Nintendo, for instance, took its social media off the Web site and put it all on the Wii gaming system. Owners are offered a "Wii Channel" and even a "Mii Channel," allowing users to create their own avatar as a playing persona. That channel allows users to share, review, exchange and comment with others; "Everybody Votes" pages encourage even greater community involvement.

"Sephora's In-Girl campaign invited existing Sephora customers to solicit online nominations for a seat on the In Girl panel," OneUpWeb reports. Because Sephora learned more about both the nominator and the nominee, "the program should render long-term benefits by helping them understand and build their consumer base."

A puzzler was Taryn Rose, a division of Nike's Cole Haan. Initially, because of its online relationship-building efforts through the founder's personal blog page, MySpace profile and use of video, OneUpWeb expected it to continue to build its social content through the holiday period.
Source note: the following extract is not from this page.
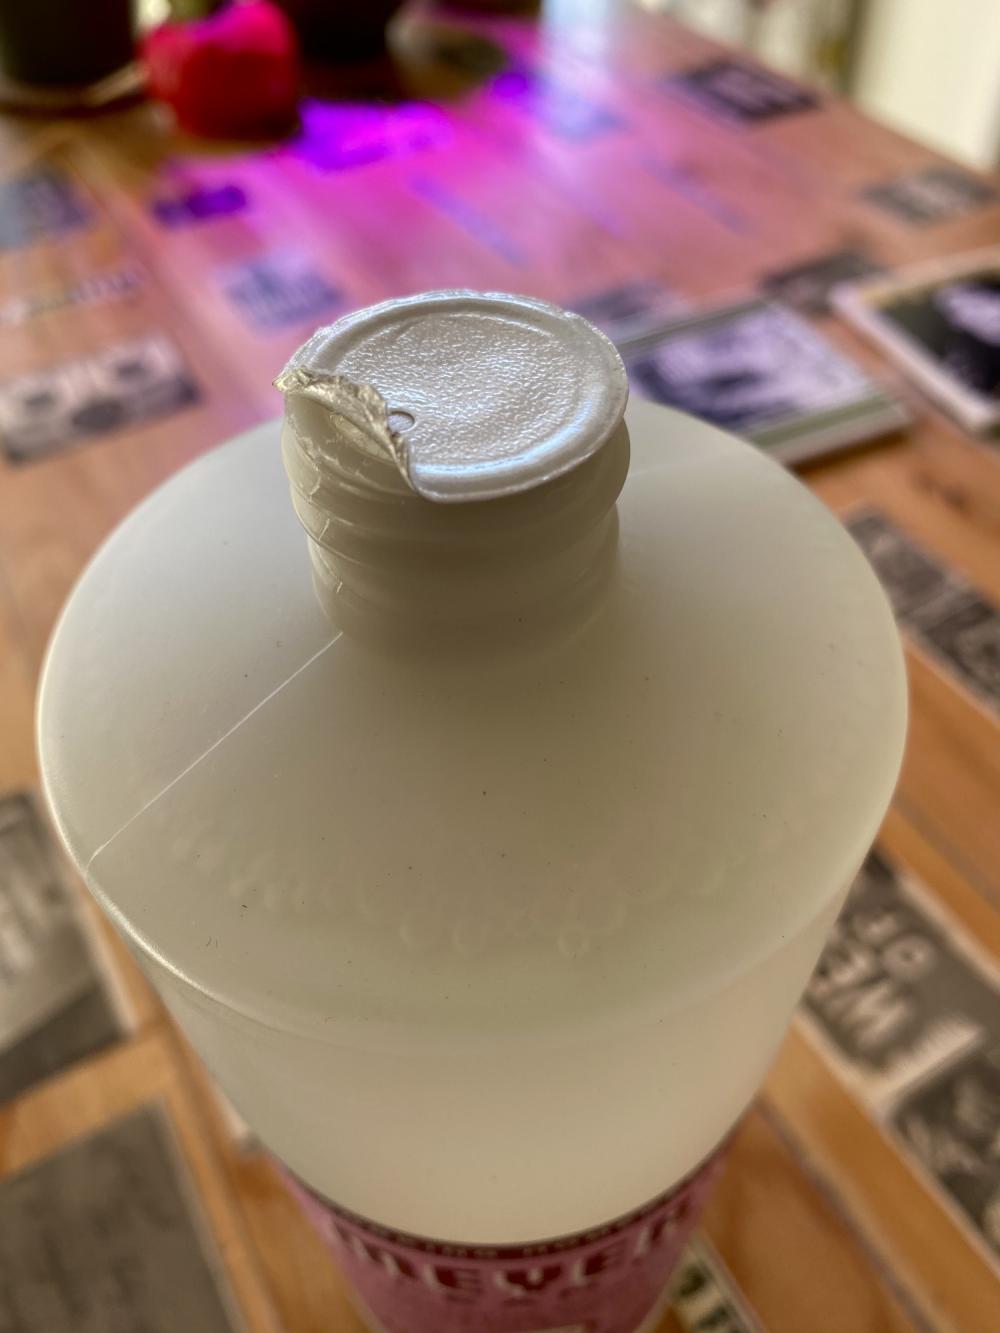 Plastic bottle seal

Instead, the company appears to have abandoned it: "We found these social media marketing efforts went generally unmanaged and quickly fell into disuse." Holiday traffic at the company's Web site was flat, the study finds.
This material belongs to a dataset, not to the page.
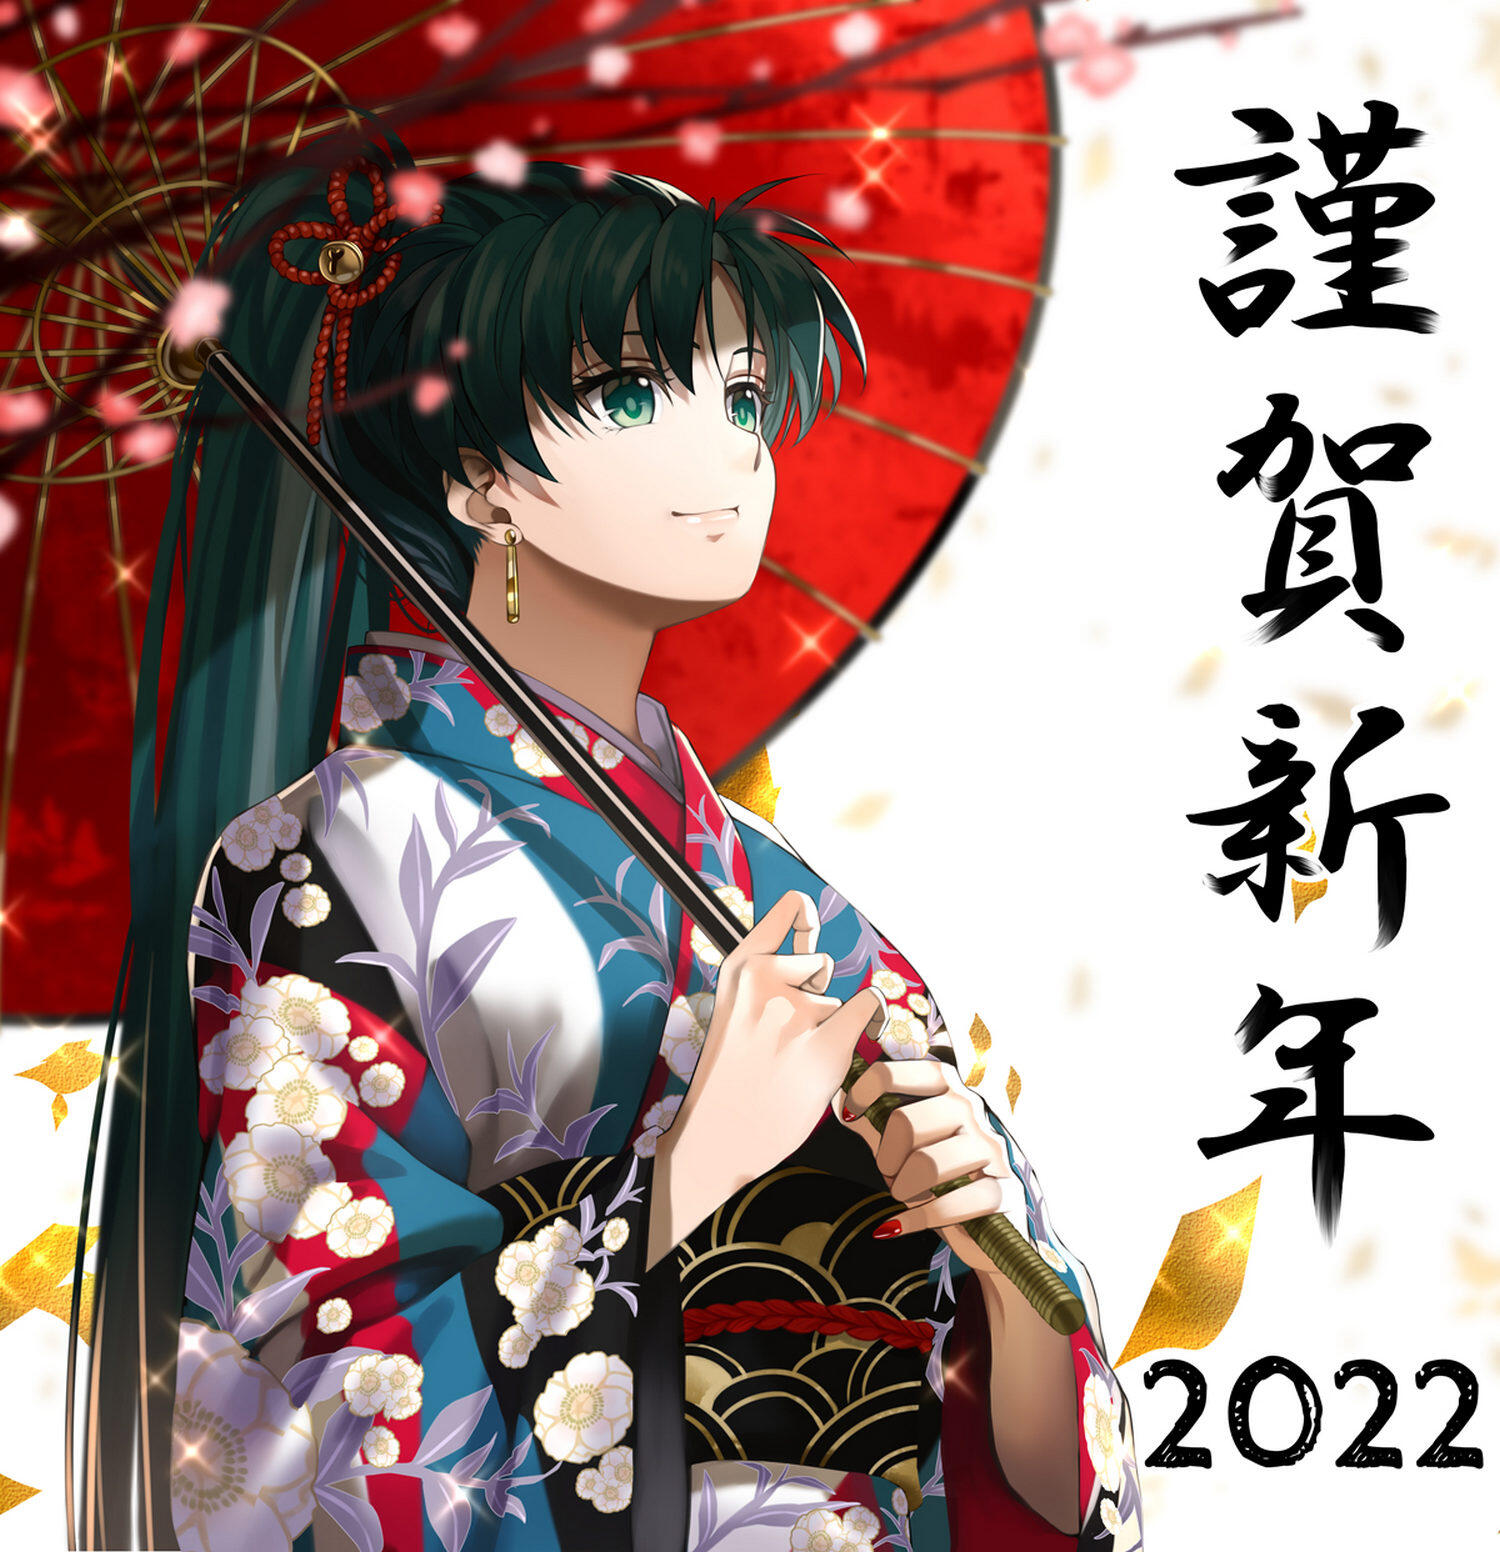 【新年图集】2022 虎年图集 第6弹

Target's strategy misfired, the report says, when the retailer told its Rounders, a group of influential college students picked to promote the retailer, to conceal to Facebook groups that they, in effect, worked for the company. "The social community took it as a deceptive practice, and Target's online reputation suffered," Kauffold says.

"What surprised us most in the study is that we thought [that] since some of these marketers were using social media so well, that they'd keep it up," Kauffold adds, speculating that marketing departments may have underestimated the expense and time required to keep social media efforts fresh and active. "Some just let it die off. They had a huge opportunity, and then it just went away."